General CVaR Derivatives

Let \(X = (X_1, \ldots, X_n)\) be a random vector with portfolio weights \(w \in \mathbb{R}^n\), and define:

\[\begin{split}r_{\operatorname{VaR}_\alpha}(w) &:= \operatorname{VaR}_\alpha(w^\top X), \\ r_{\operatorname{CVaR}_\alpha}(w) &:= \operatorname{CVaR}_\alpha(w^\top X).\end{split}\]

Assumption. Let \(p(x_1 | x_2, \ldots, x_n)\) be the conditional density of \(X_1\) given \(X_2, \ldots, X_n\). Assume:

  1. \(y \mapsto p(y | x_2, \ldots, x_n)\) is continuous.

  2. \((y, w) \mapsto E[p(w_1^{-1}(y - \sum_{l=2}^n w_l X_l) | X_2, \ldots, X_n)]\) is finite and continuous.

  3. The density at the VaR quantile is strictly positive.

  4. \((y, w) \mapsto E[X_j \, p(w_1^{-1}(y - \sum_{l=2}^n w_l X_l) | X_2, \ldots, X_n)]\) is finite and continuous.

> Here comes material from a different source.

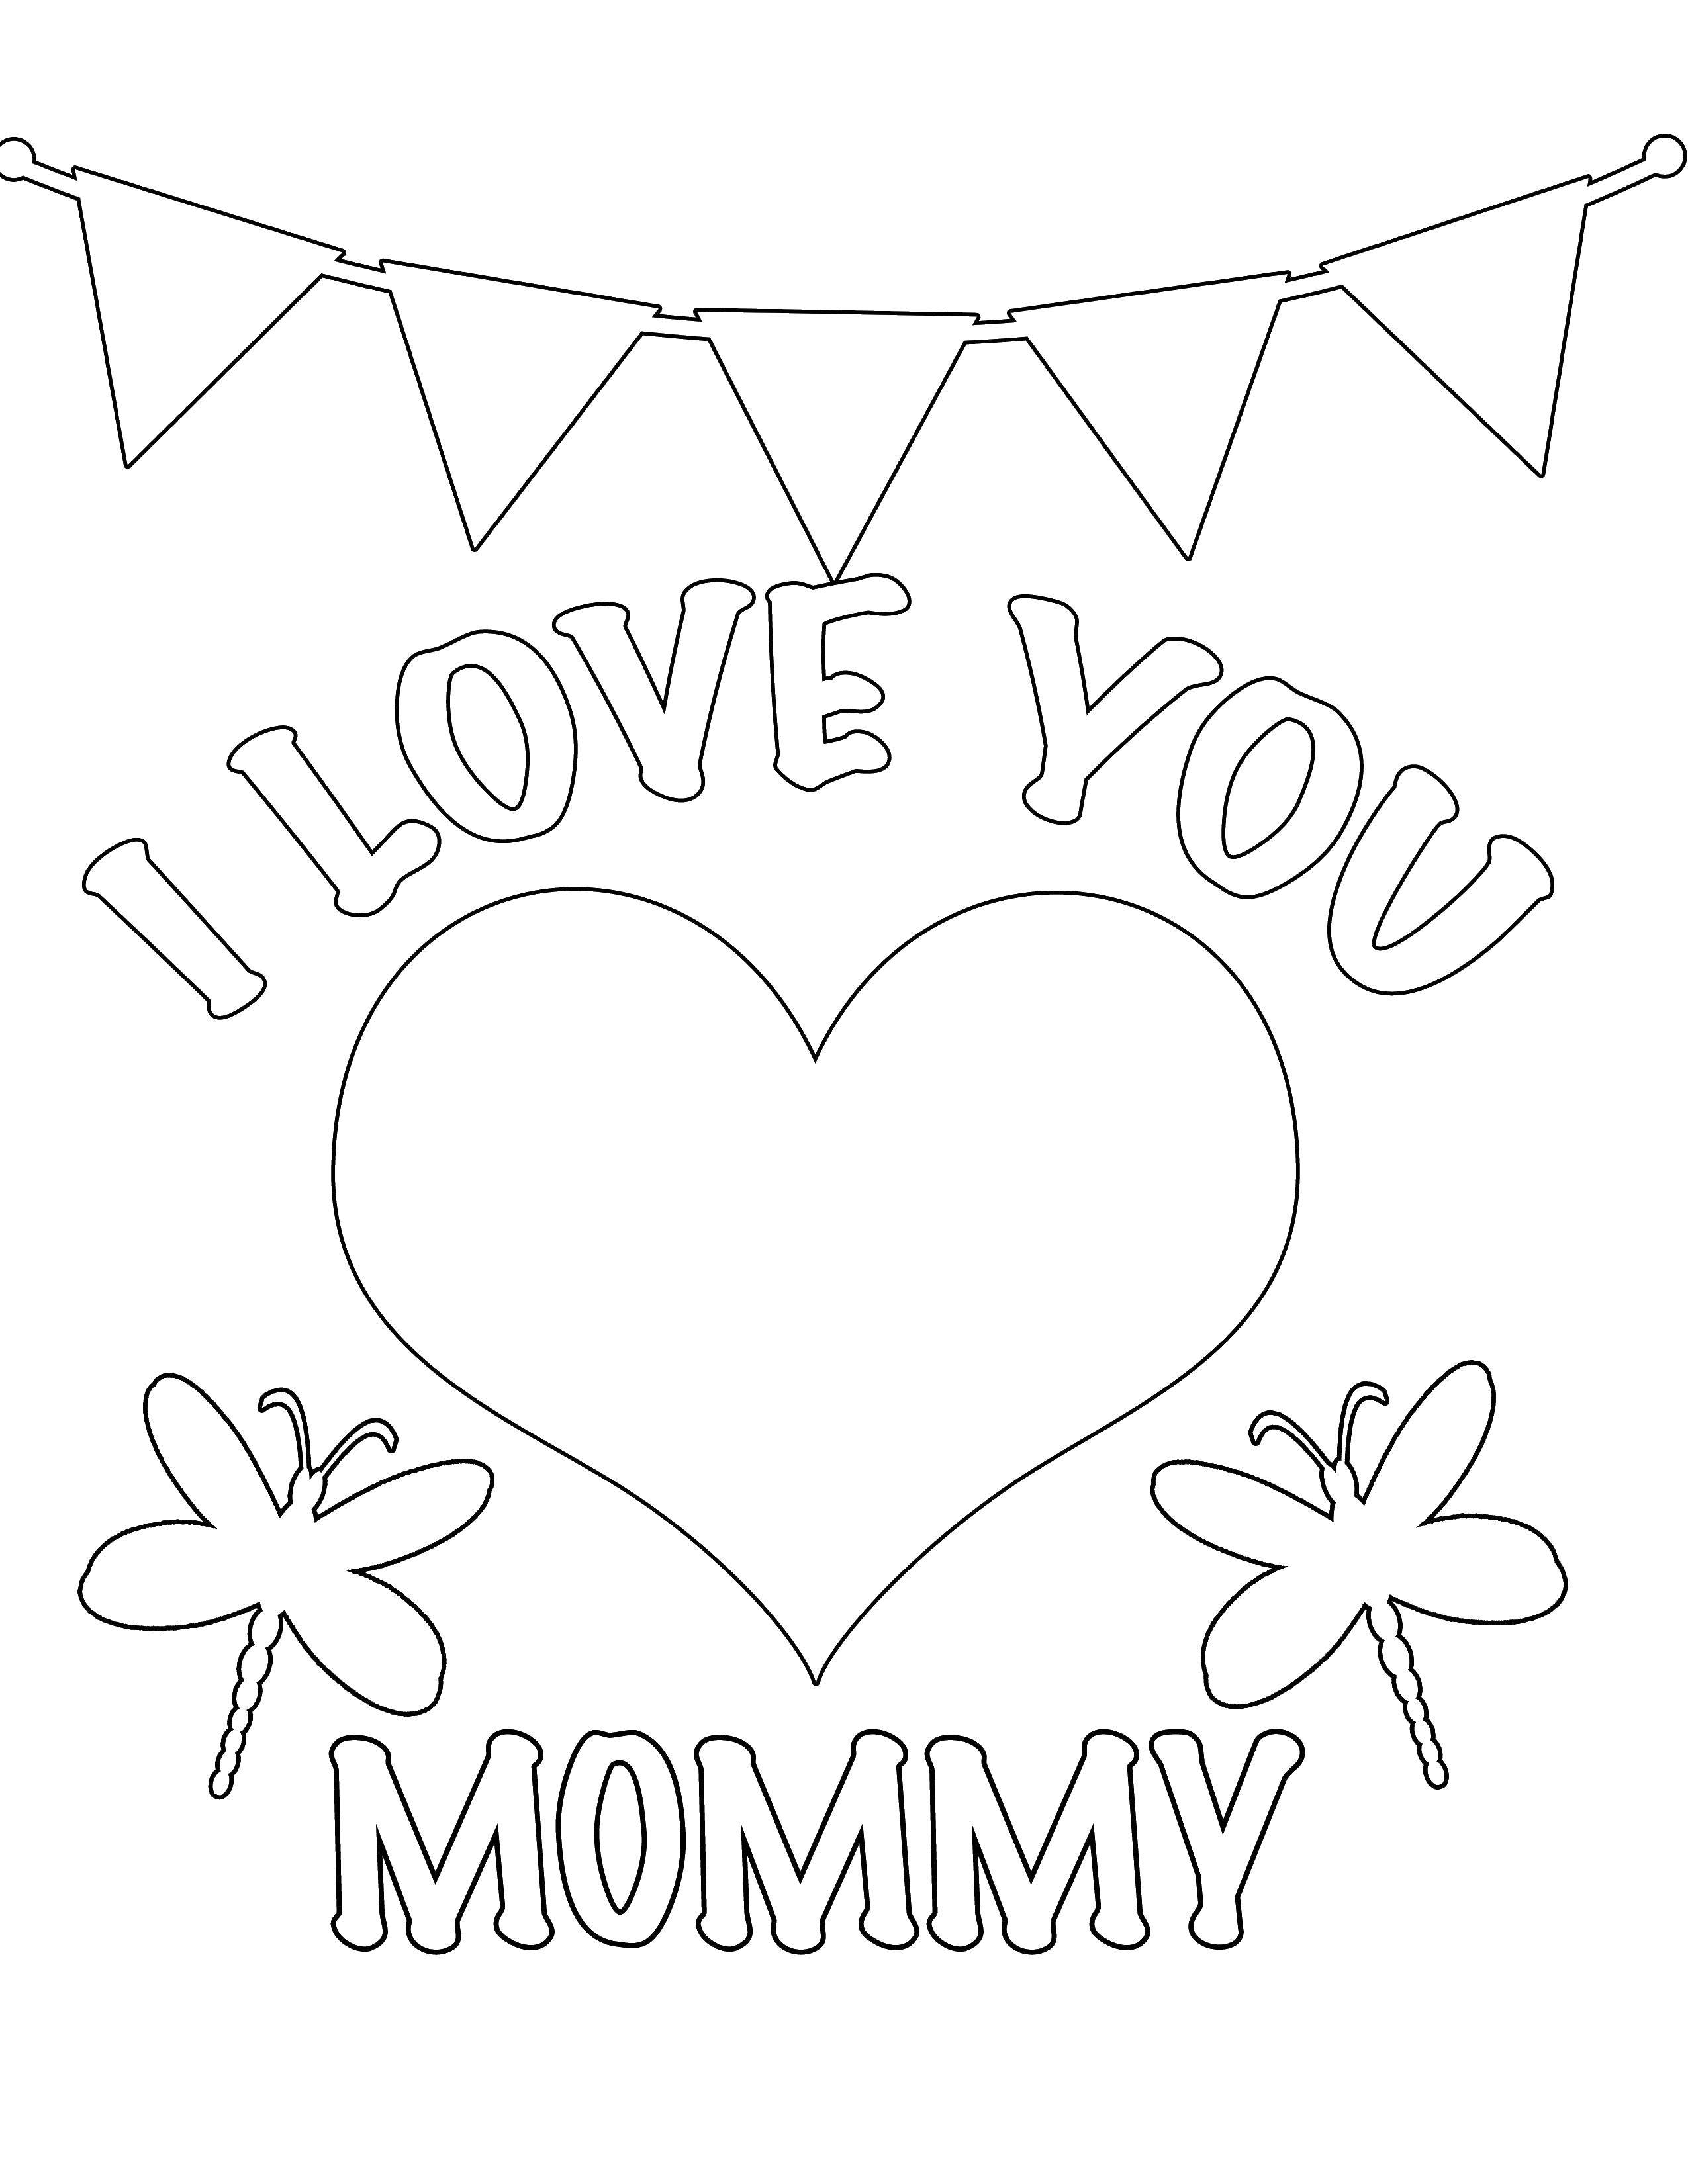 Coloring I love you mom. Category I love you. Tags:  I love you, mom.

  5. \((y, w) \mapsto E[X_j X_k \, p(w_1^{-1}(y - \sum_{l=2}^n w_l X_l) | X_2, \ldots, X_n)]\) is finite and continuous.

First Derivatives

Under conditions 1–4 above, for \(w_1 \neq 0\):

\[\begin{split}\frac{\partial r_{\operatorname{VaR}_\alpha}}{\partial w_j}(w) &= -\frac{E\!\left[X_j \, p\!\left(w_1^{-1}\!\left( -r_{\operatorname{VaR}_\alpha}(w) - \sum_{l=2}^n w_l X_l\right) \middle| X_2, \ldots, X_n\right)\right]} {E\!\left[p\!\left(w_1^{-1}\!\left( -r_{\operatorname{VaR}_\alpha}(w) - \sum_{l=2}^n w_l X_l\right) \middle| X_2, \ldots, X_n\right)\right]}, \quad j = 2, \ldots, n, \\ \frac{\partial r_{\operatorname{VaR}_\alpha}}{\partial w_1}(w) &= w_1^{-1} \left(r_{\operatorname{VaR}_\alpha}(w) - \sum_{j=2}^n w_j \frac{\partial r_{\operatorname{VaR}_\alpha}}{\partial w_j}(w)\right),\end{split}\]

and

(1)\[\frac{\partial r_{\operatorname{CVaR}_\alpha}}{\partial w_j}(w) = -E[X_j \mid w^\top X \leq -r_{\operatorname{VaR}_\alpha}(w)] = -\alpha^{-1} E\!\left[X_j \, \mathbf{1}_{\{w^\top X \leq -r_{\operatorname{VaR}_\alpha}(w)\}}\right],\]

for \(j = 1, \ldots, n\).

Second Derivatives

Under the full assumption, for \(j, k = 2, \ldots, n\):

(2)\[\frac{\partial^2 r_{\operatorname{CVaR}_\alpha}} {\partial w_j \partial w_k}(w) = \frac{1}{\alpha |w_1|} E\!\left[X_k \left( \frac{\partial r_{\operatorname{VaR}_\alpha}}{\partial w_j}(w) + X_j\right) p\!\left(w_1^{-1}\!\left( -r_{\operatorname{VaR}_\alpha}(w) - \sum_{l=2}^n w_l X_l\right) \middle| X_2, \ldots, X_n\right)\right],\]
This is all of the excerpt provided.